SOURCE DATA:
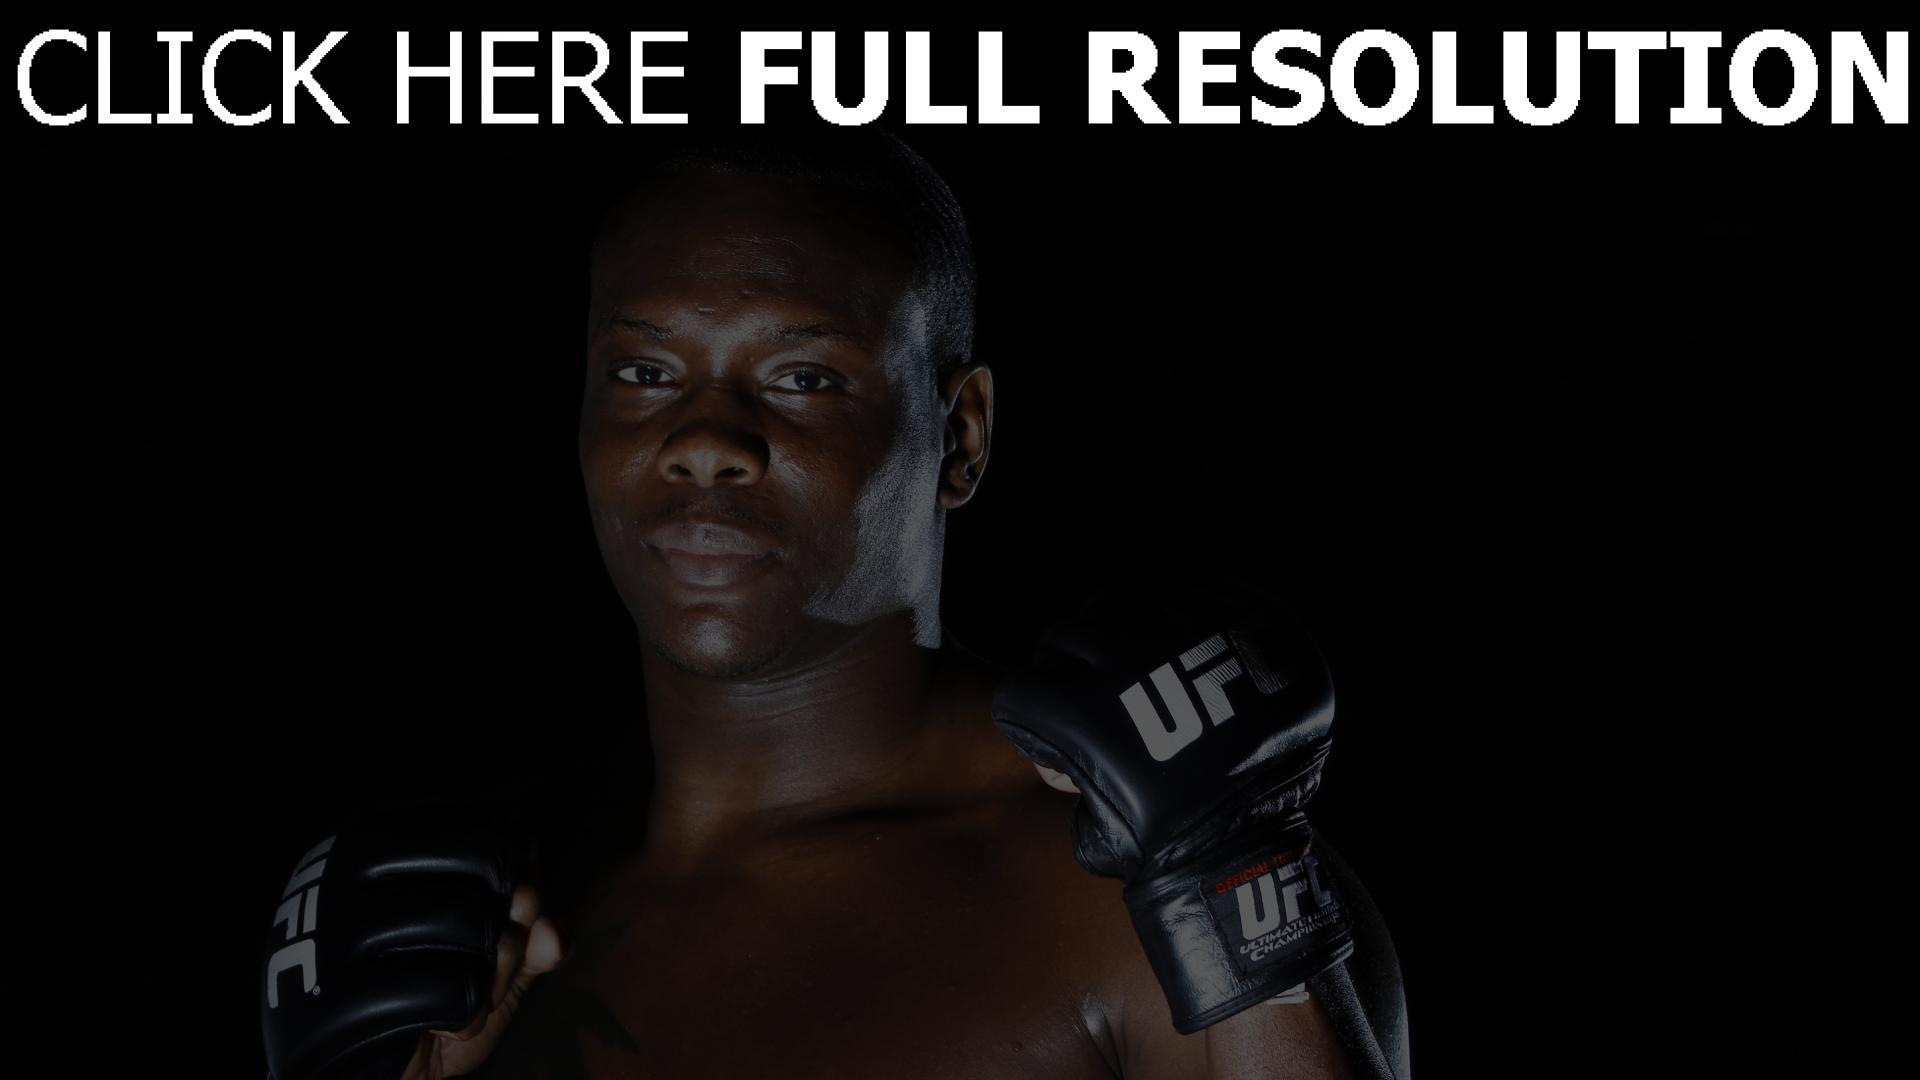 hd hintergrundbilder mma kämpfer ultimate fighting championship ovince saint preux 1920x1080
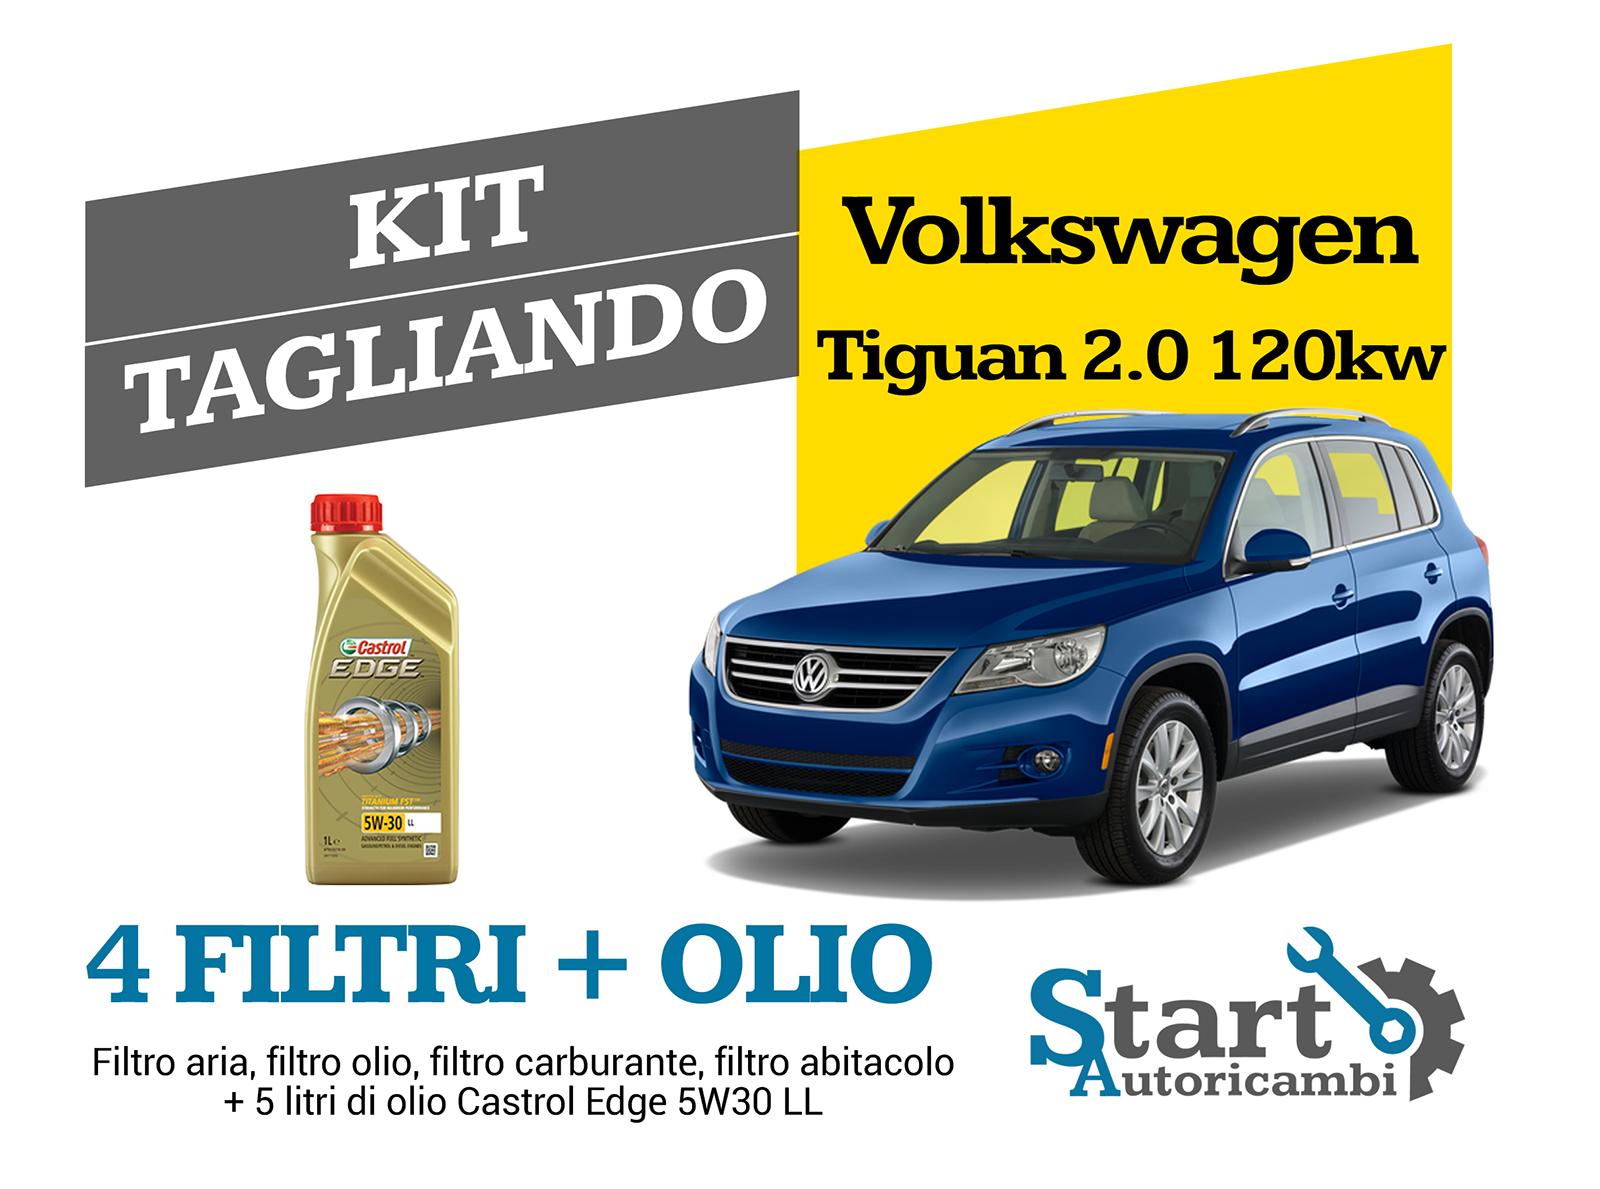 KIT TAGLIANDO 4 FILTRI VW TIGUAN 2.0 TDI 125KW 170CV DAL 2008 /> 2009
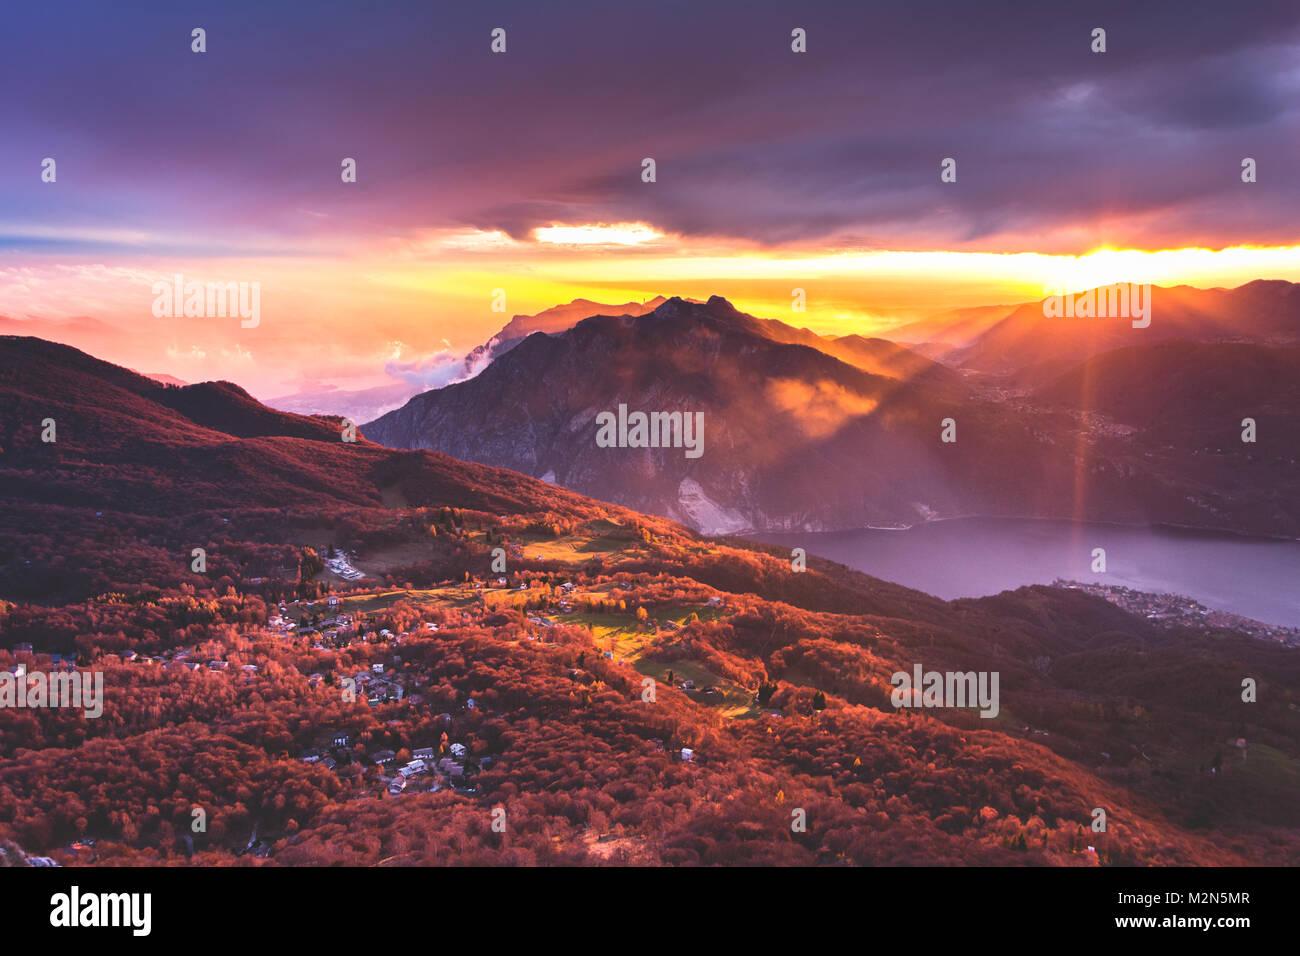 Mountain sunset - Stock Image
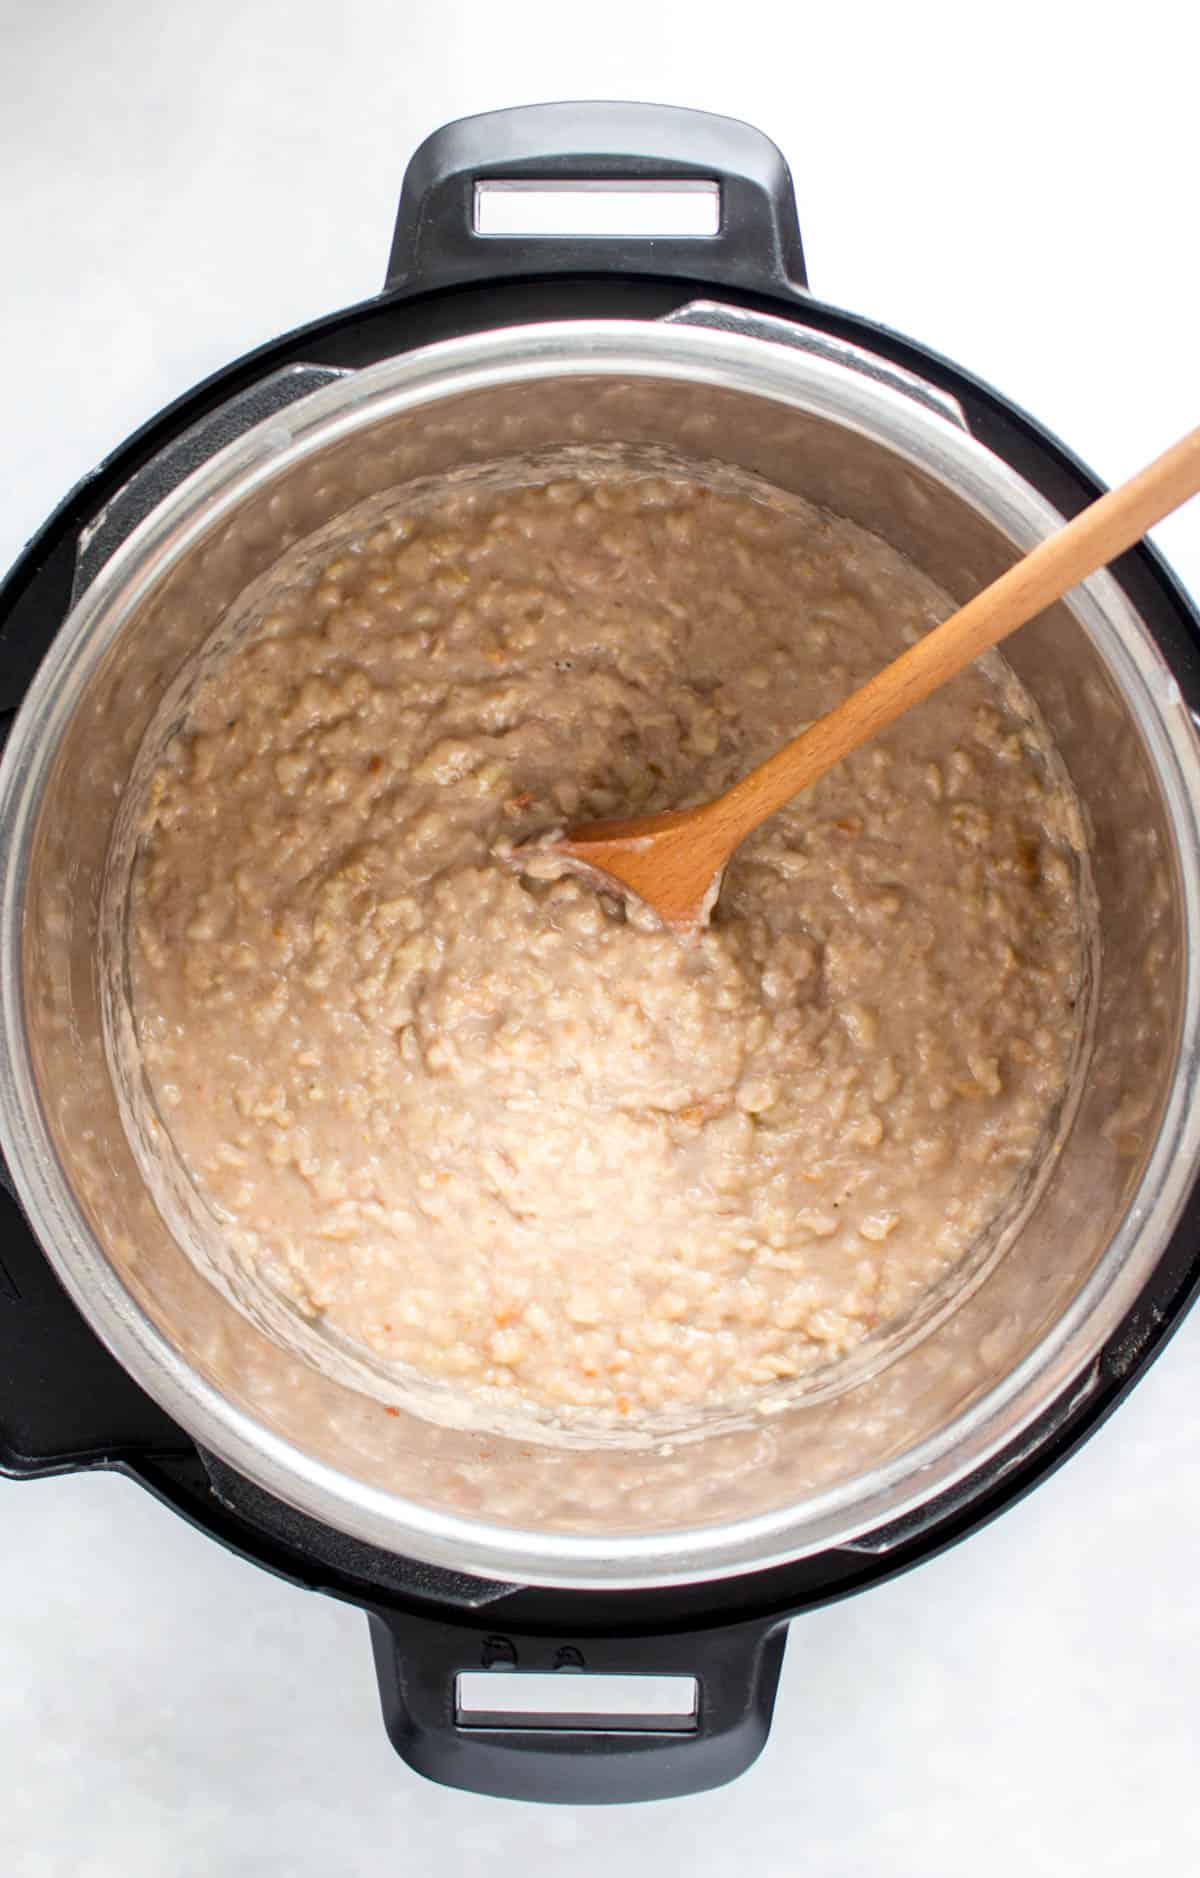 Mixed banana bread oatmeal in an Instant Pot.

INSTRUCTIONS TO FOLLOW:
The expected output is the material above, repeated exactly and free of pictures.

SOLUTION FOR THIS PROBLEM:
 hd hintergrundbilder mma kämpfer ultimate fighting championship ovince saint preux 1920x1080
 KIT TAGLIANDO 4 FILTRI VW TIGUAN 2.0 TDI 125KW 170CV DAL 2008 /> 2009
 Mountain sunset - Stock Image
 Mixed banana bread oatmeal in an Instant Pot.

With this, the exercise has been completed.